Ненависти не было. Красный огонь перед глазами потух.
Сон валил его с ног, и Бес с почтеньем поглядел на сугроб: ух ты, какой пушистый… мягкий.
«Замерзну ведь на хер. Не лягу. Нет».
Ноги тяжело, чугунно впечатывались в корку льда, в навалы снега. Он скосил глаза. Брел мимо стройки, и чуть не упал через груду кирпичей, наполовину снегом заметенных. В вышине горел тусклый, как барсучий глаз, фонарь — забыли выключить. А может, работали тут ночью.
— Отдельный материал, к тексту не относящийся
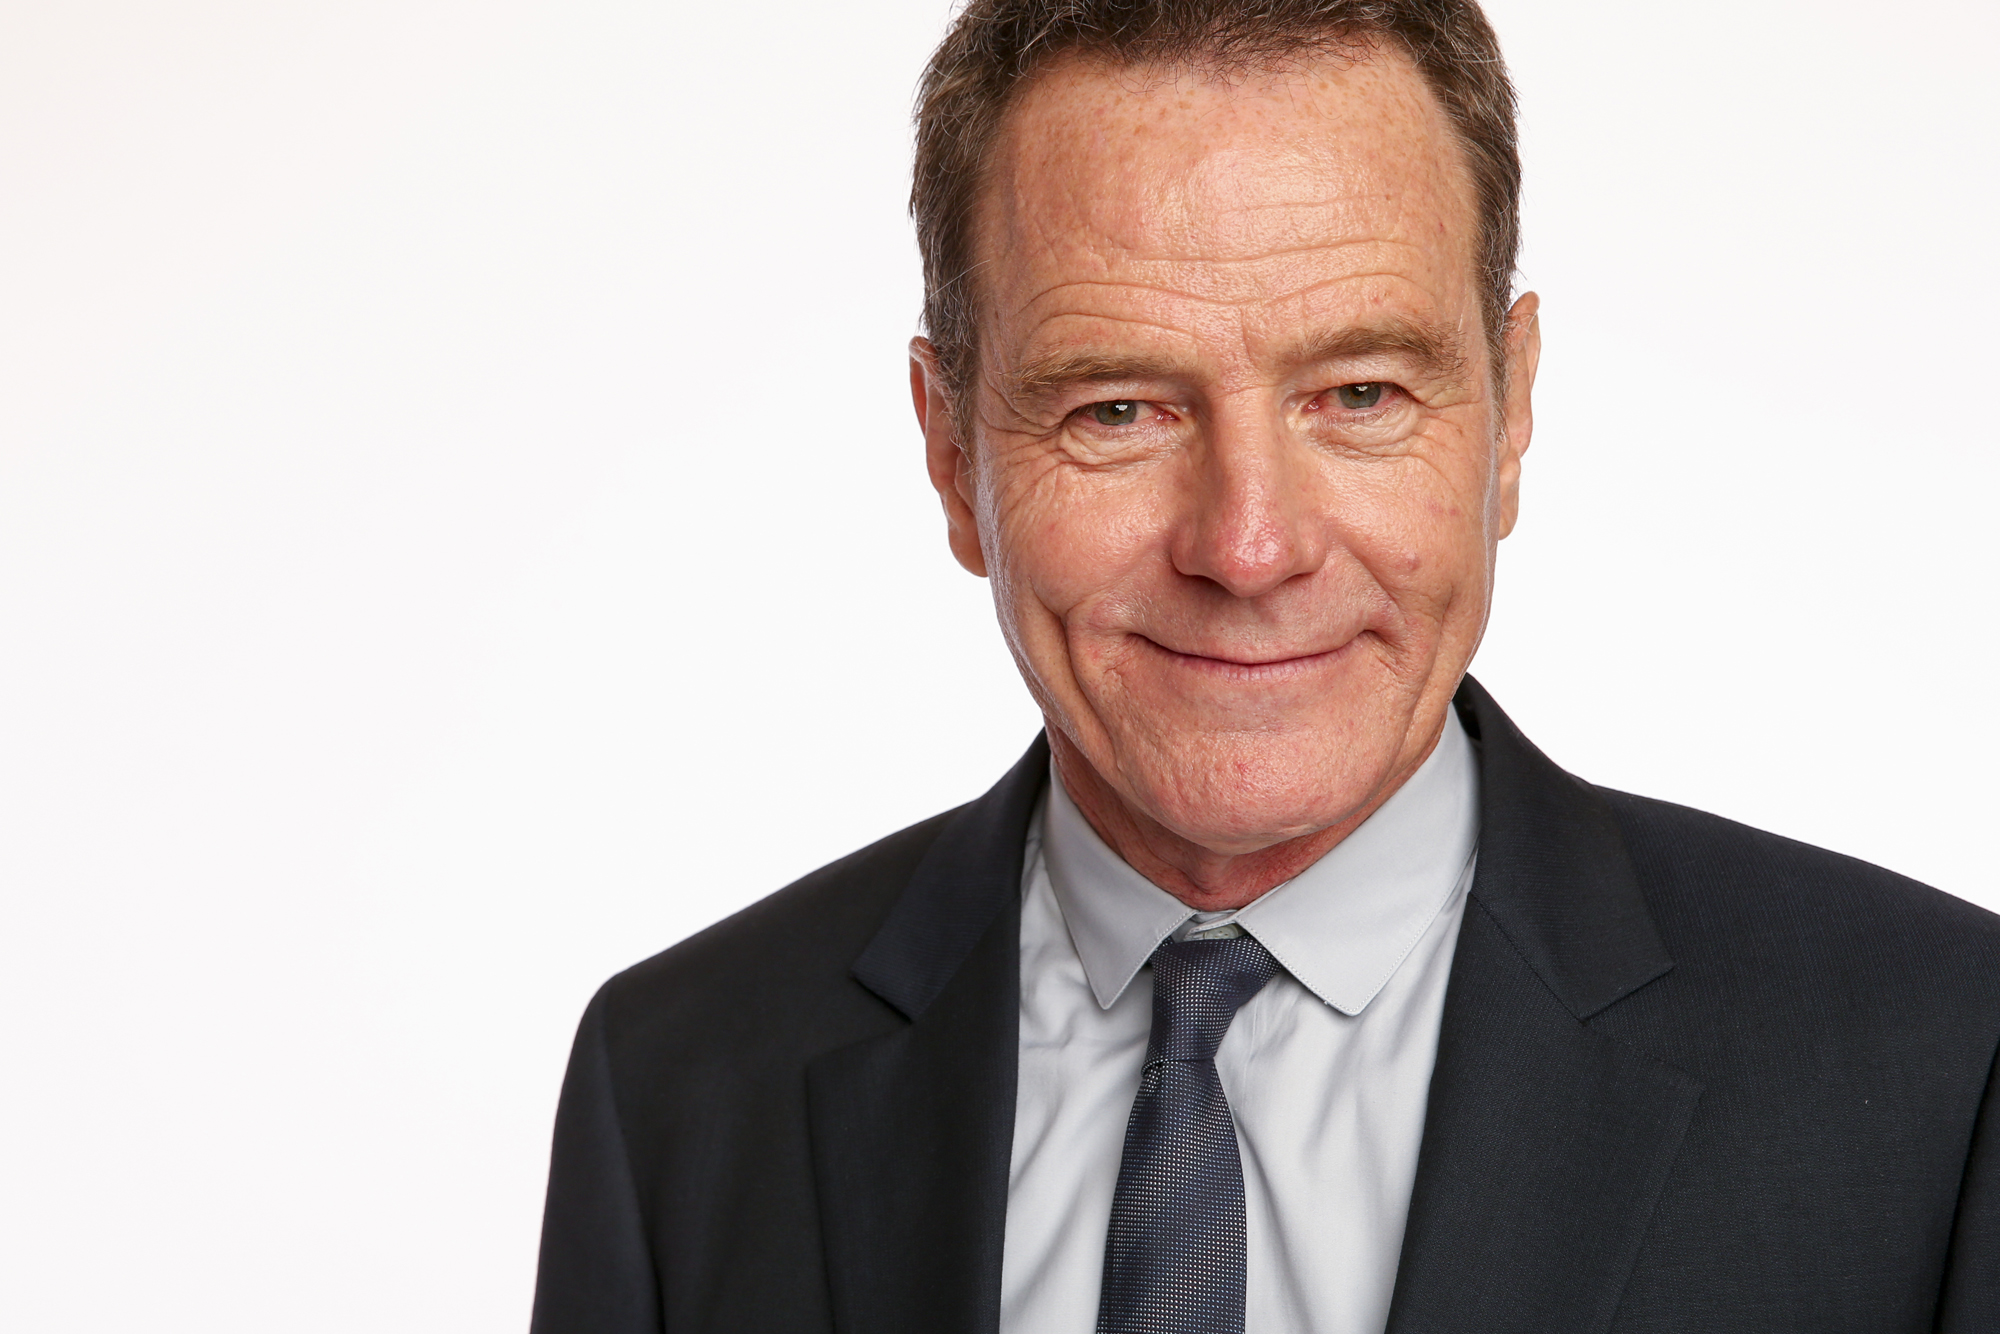 LOS ANGELES, CA - JUNE 10:  Actor  Bryan Cranston poses for a portrait at the Broadcast Television Journalists Association's Third Annual Critics' Choice Television Awards on June 10, 2013 in Los Angeles, California.  (Photo by Christopher Polk/Getty Images for CCTA)

И сейчас пошли немного выпить, отдохнуть, подремать в теплой каптерке у сторожа.
Глаз сам косил дальше, все вбок и вбок, и Бес увидел на земле банку, а в банке торчала кисть. Он наклонился, его чуть не вырвало, когда он пригнулся к земле. Вытащил кисть. Красная, густая на морозе краска капнула на снег, на лед: кап, кап.
«Не кисть, а флейц. Широкий. Щетка. Тонкая такими красила свою большую картинку, дипломную, в училище. Холст закрашивала. Делала фон. Или как это у них? Да, подмалевок».
Бес крякнул, плюнул на снег густой, соленой слюной. Взял банку с краской в застылую клешню. Флейц нес в другой руке, и с флейца в снег капала кровь.
Он хорошо, старательно выводил буквы. Письмена. Это письмена.
Каждый из нас пишет письмена. Каждый из нас умрет, но каждому важно, чтобы его услышали. Или увидели. И — полюбили.
Полюбили, ишь ты! А если тебя — возненавидят?
Начхать. Мы все пишем письмена. Чтобы — увидели. Чтобы — заплакали над ними.
Корявые. Глупые. Узорчатые. Красивенькие. Гадкие. Зверские. Железные. Ватные. Кровавые. Да, самые правдивые — кровавые, верно.
Их — издали видать.
А остальные? Чернилами по бумажке? А? Плакаты, газетки, листовки… картинки?
Он вспомнил сивую девчонку с пацаненком на партийной хате. И голую, синюю тяжелую грудь, и беззубый орущий ротик мальчонки. Мамашка плакаты малевала. Для рабочих. Для каких — рабочих? Омон стачку разогнал. Плакаты запхали в урну. И никто не прочитал письмена.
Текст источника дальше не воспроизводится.